§ **EXERCISE AIM**
What is wanted is the full listing, word for word, without its pictures.

§ **RECORDED INFORMATION**
»»

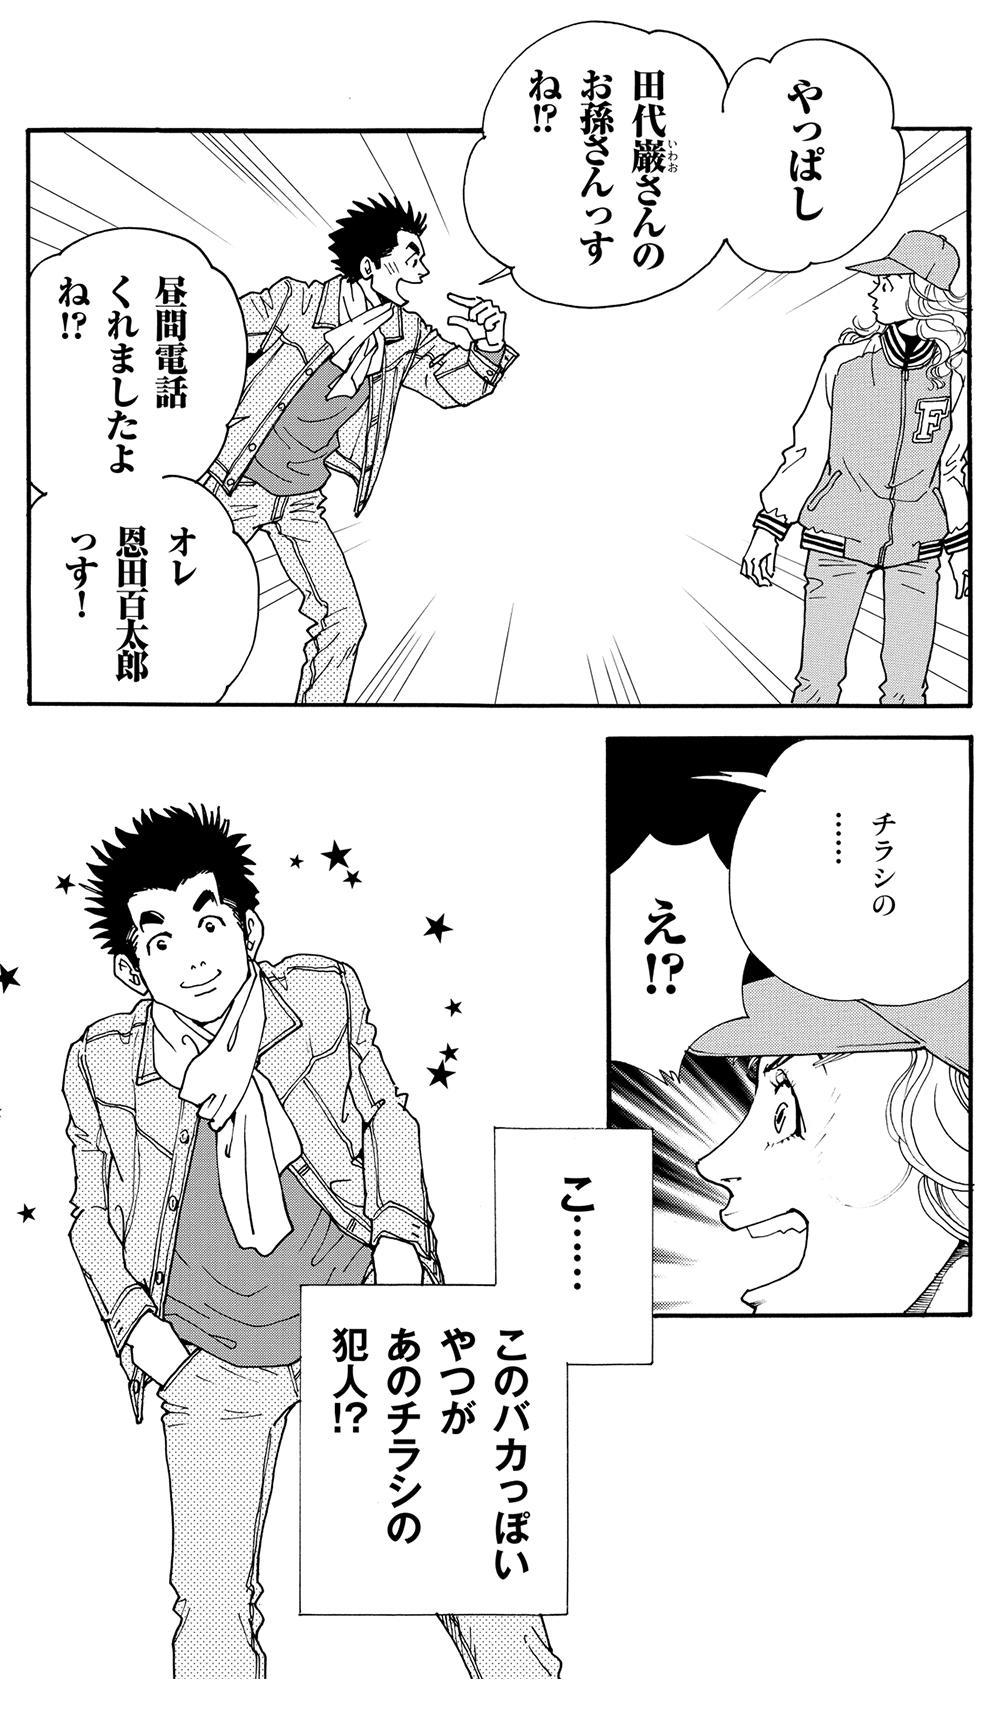 ヘルプマン!! 第3話「怪しい男」helpman03-14.jpg
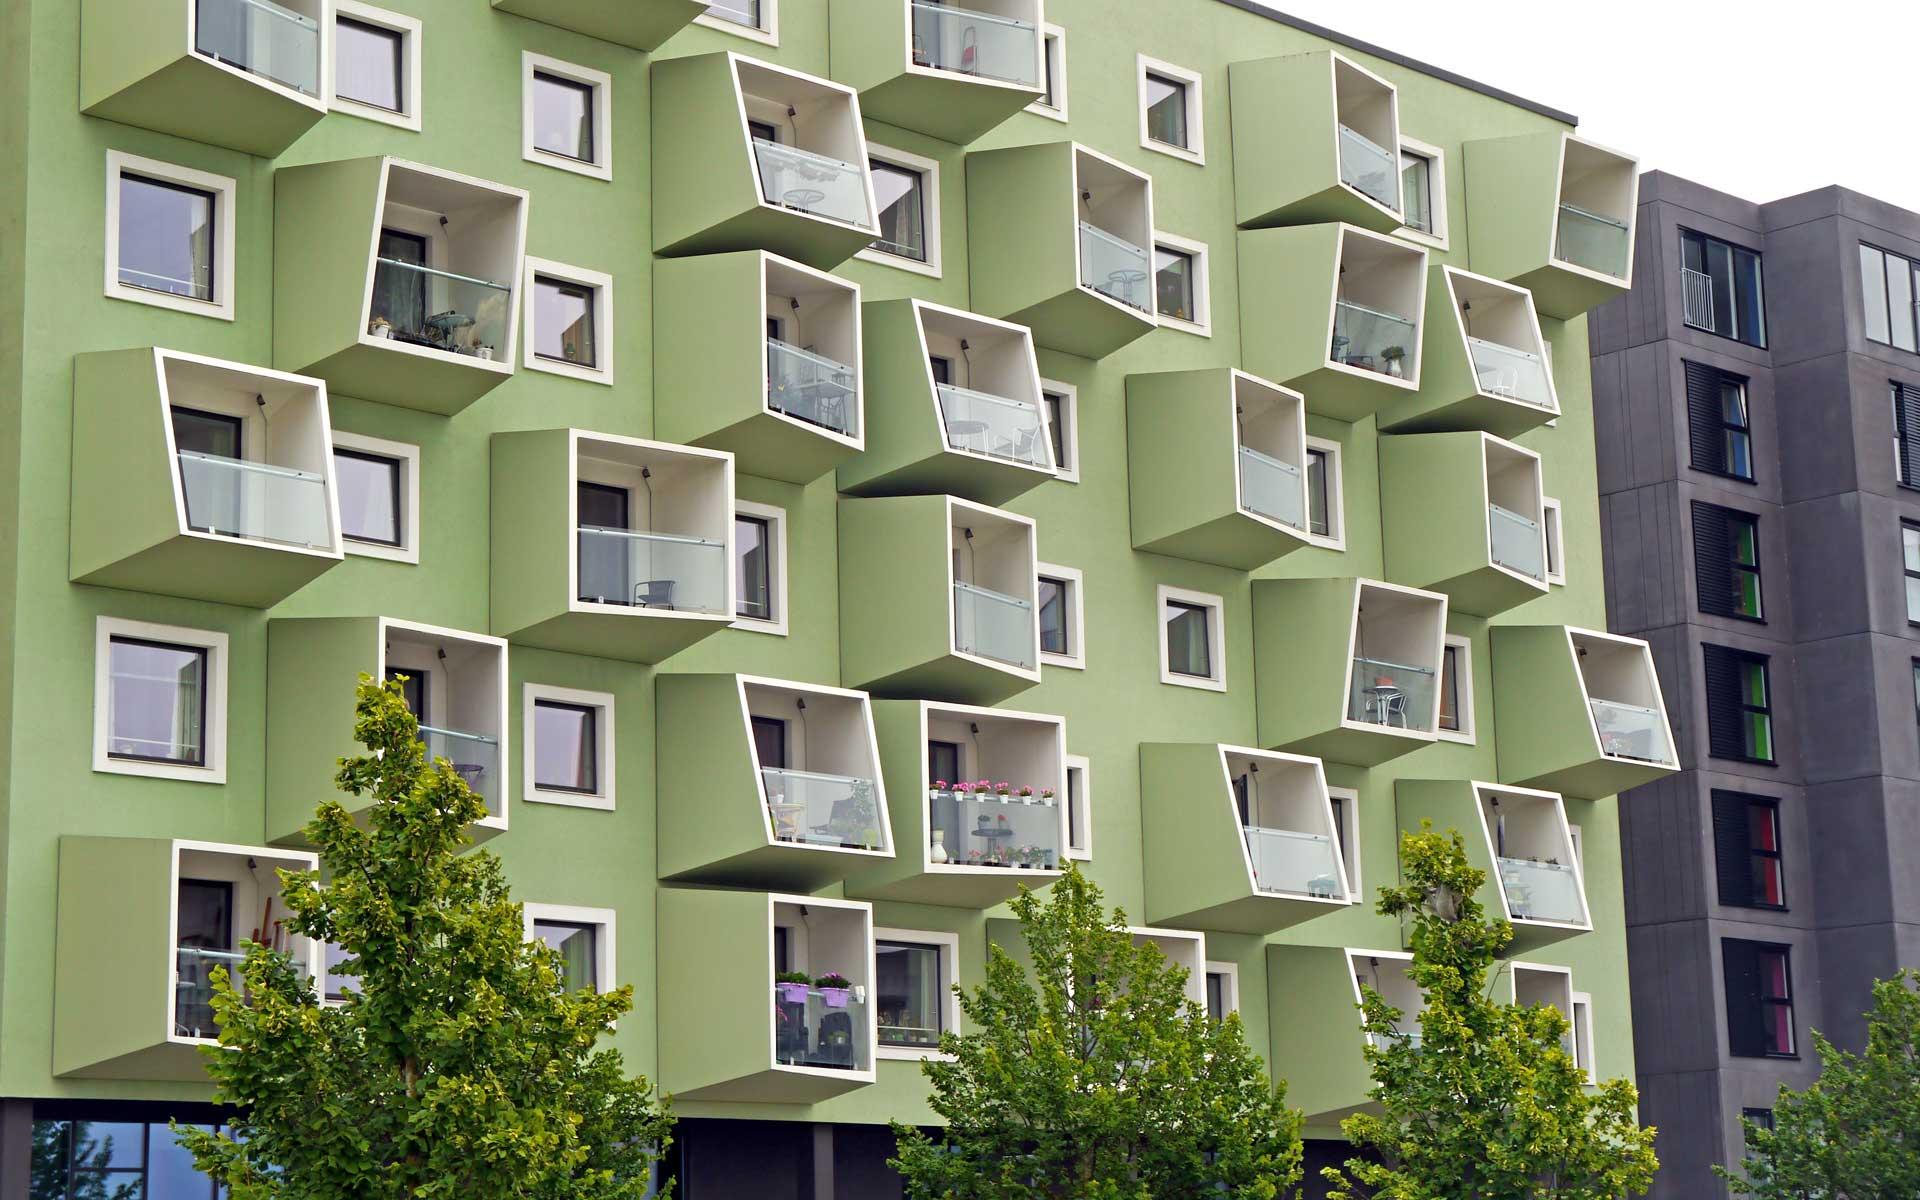 Ørestad auf der Insel Amager ist das jüngste Stadtviertel der dänischen Kommune Kopenhagen
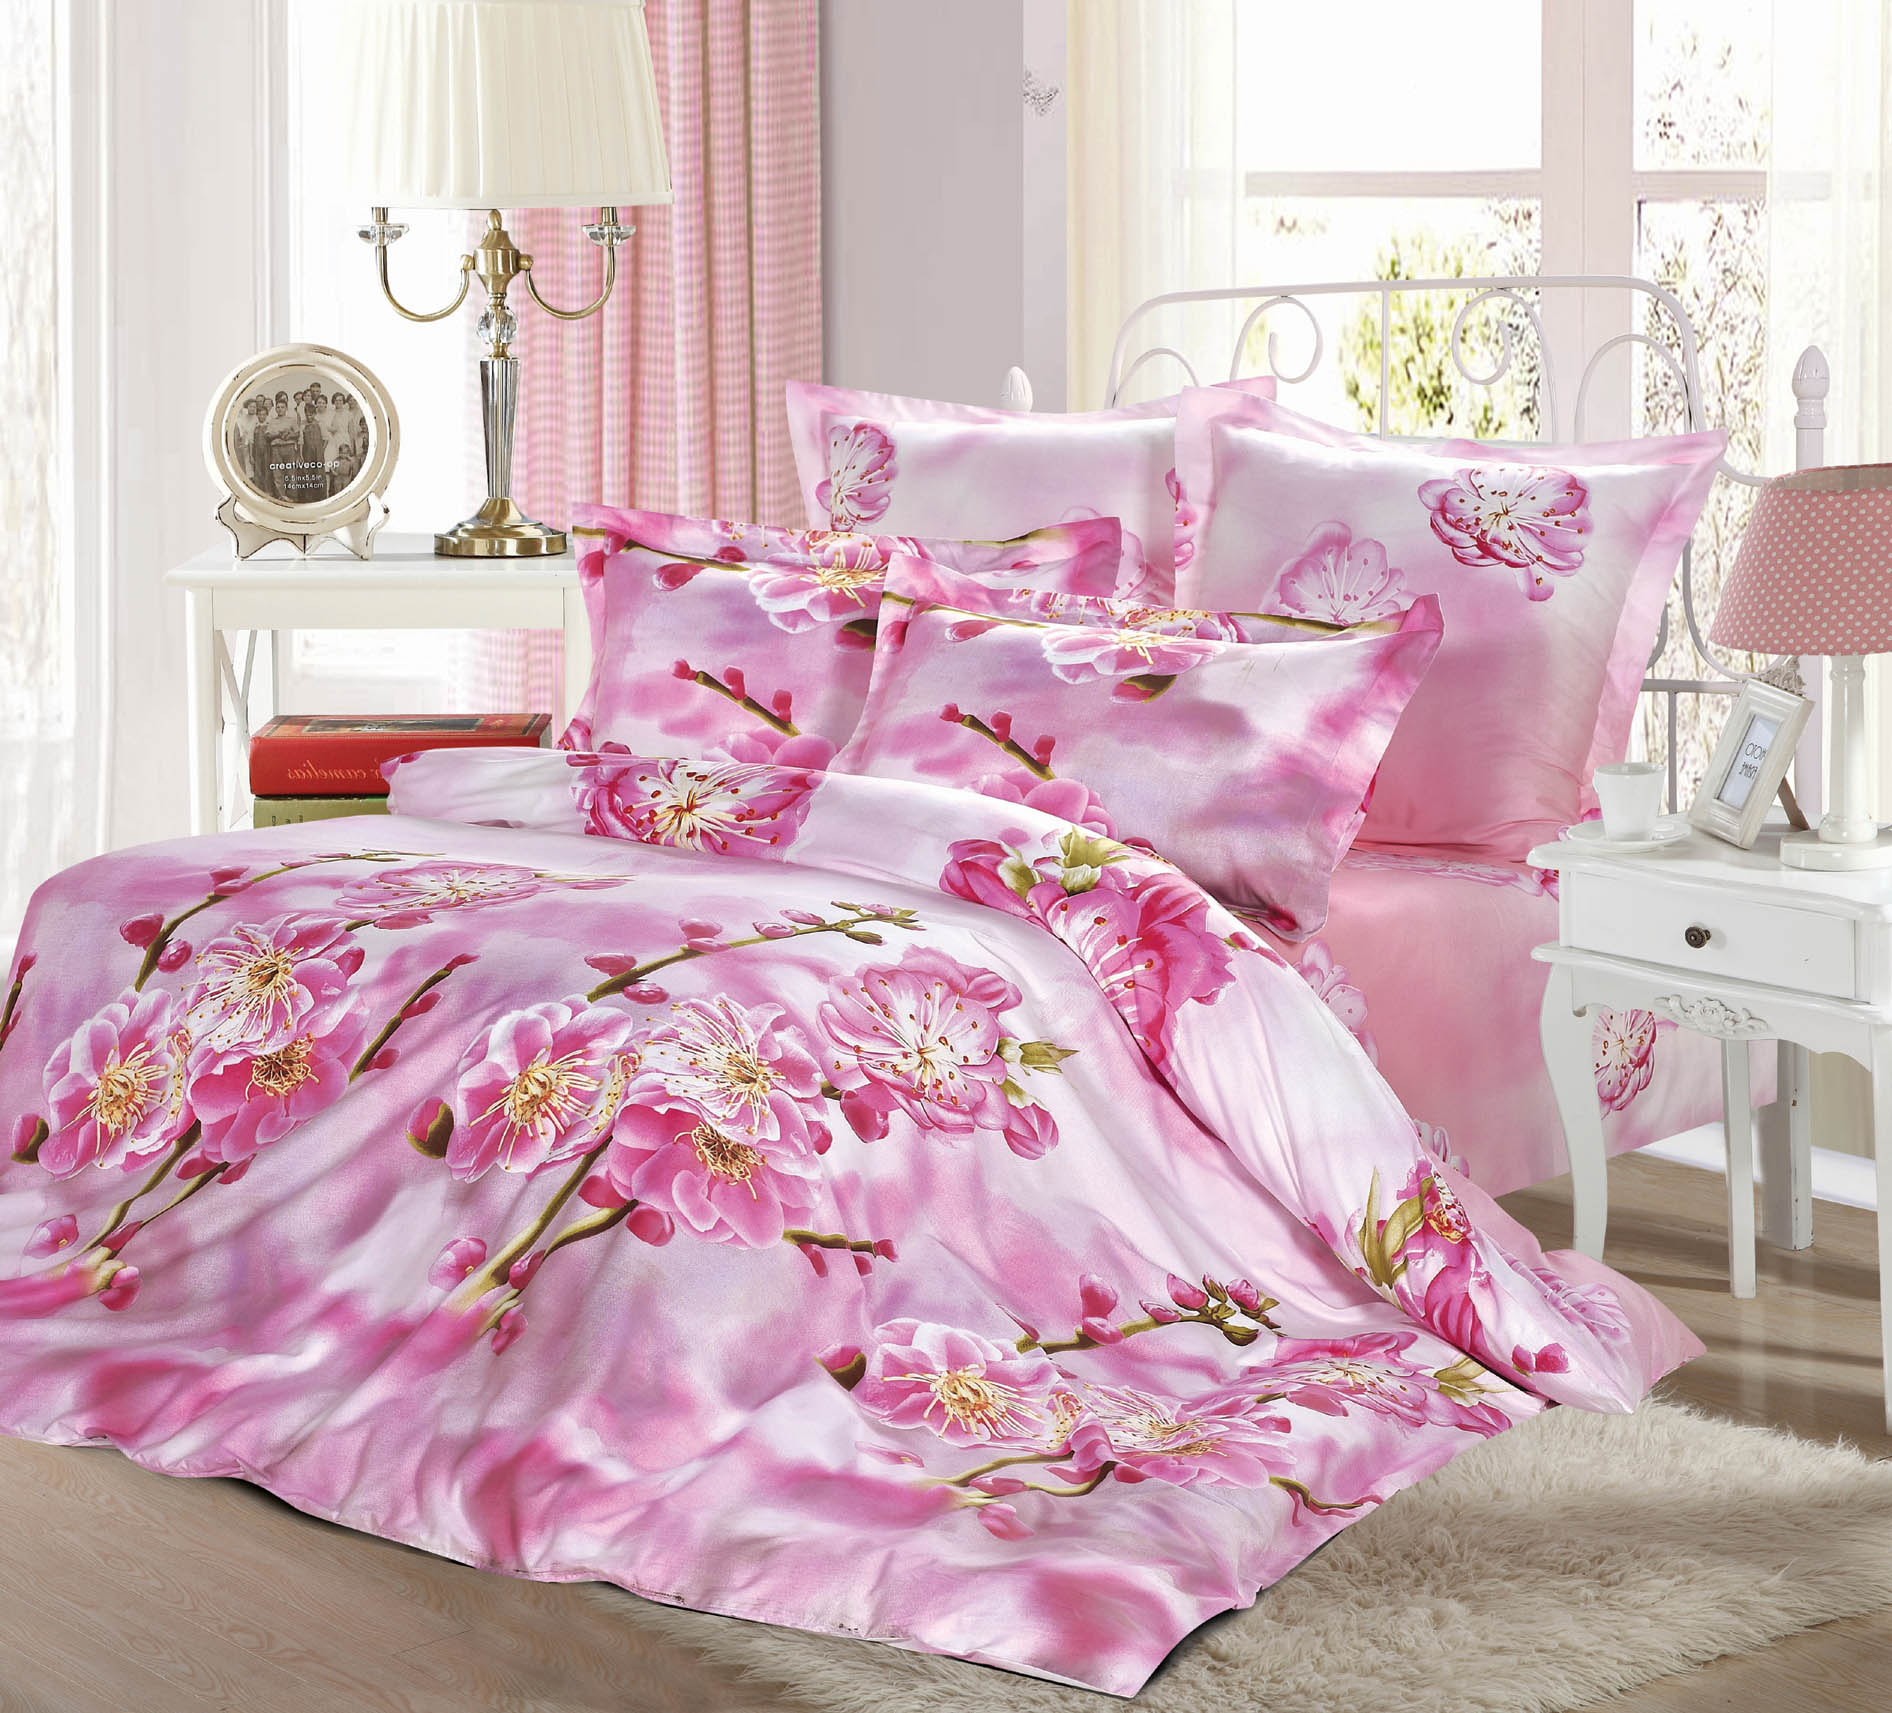 Купить Комплекты постельного белья СайлиД, Постельное белье Tilly B-149 (2 сп. евро), Китай, Розовый, Хлопковый сатин
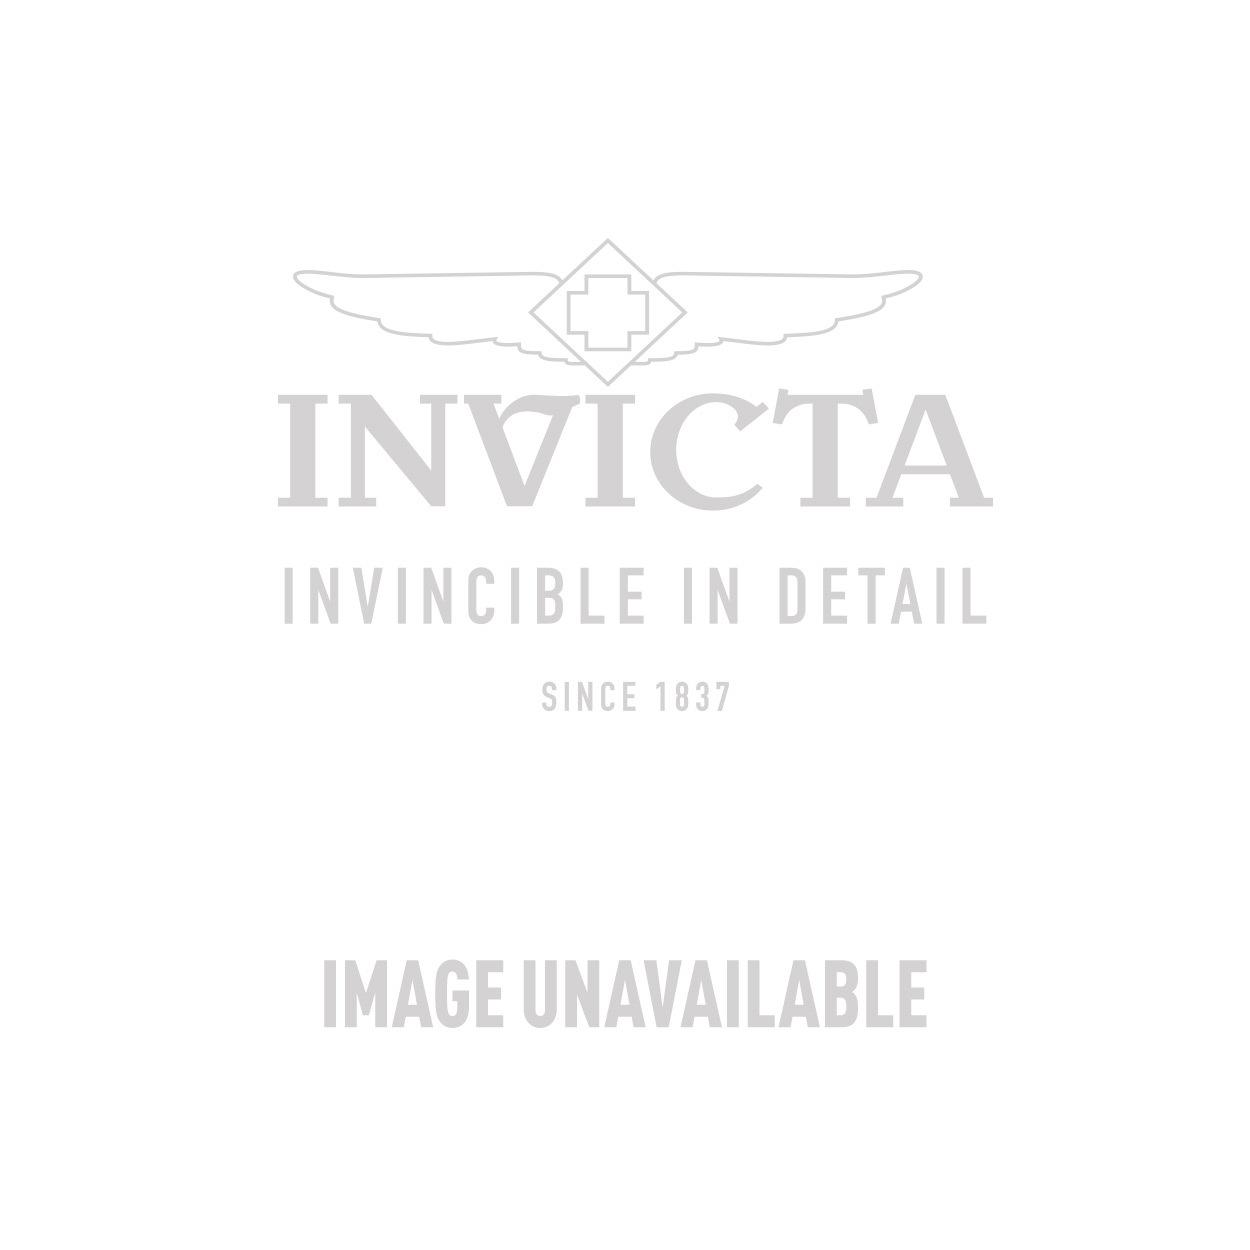 Invicta Model 26494

««

§ **SOLUTION TO THIS EXERCISE**
 ヘルプマン!! 第3話「怪しい男」helpman03-14.jpg
 Ørestad auf der Insel Amager ist das jüngste Stadtviertel der dänischen Kommune Kopenhagen
 Купить Комплекты постельного белья СайлиД, Постельное белье Tilly B-149 (2 сп. евро), Китай, Розовый, Хлопковый сатин
 Invicta Model 26494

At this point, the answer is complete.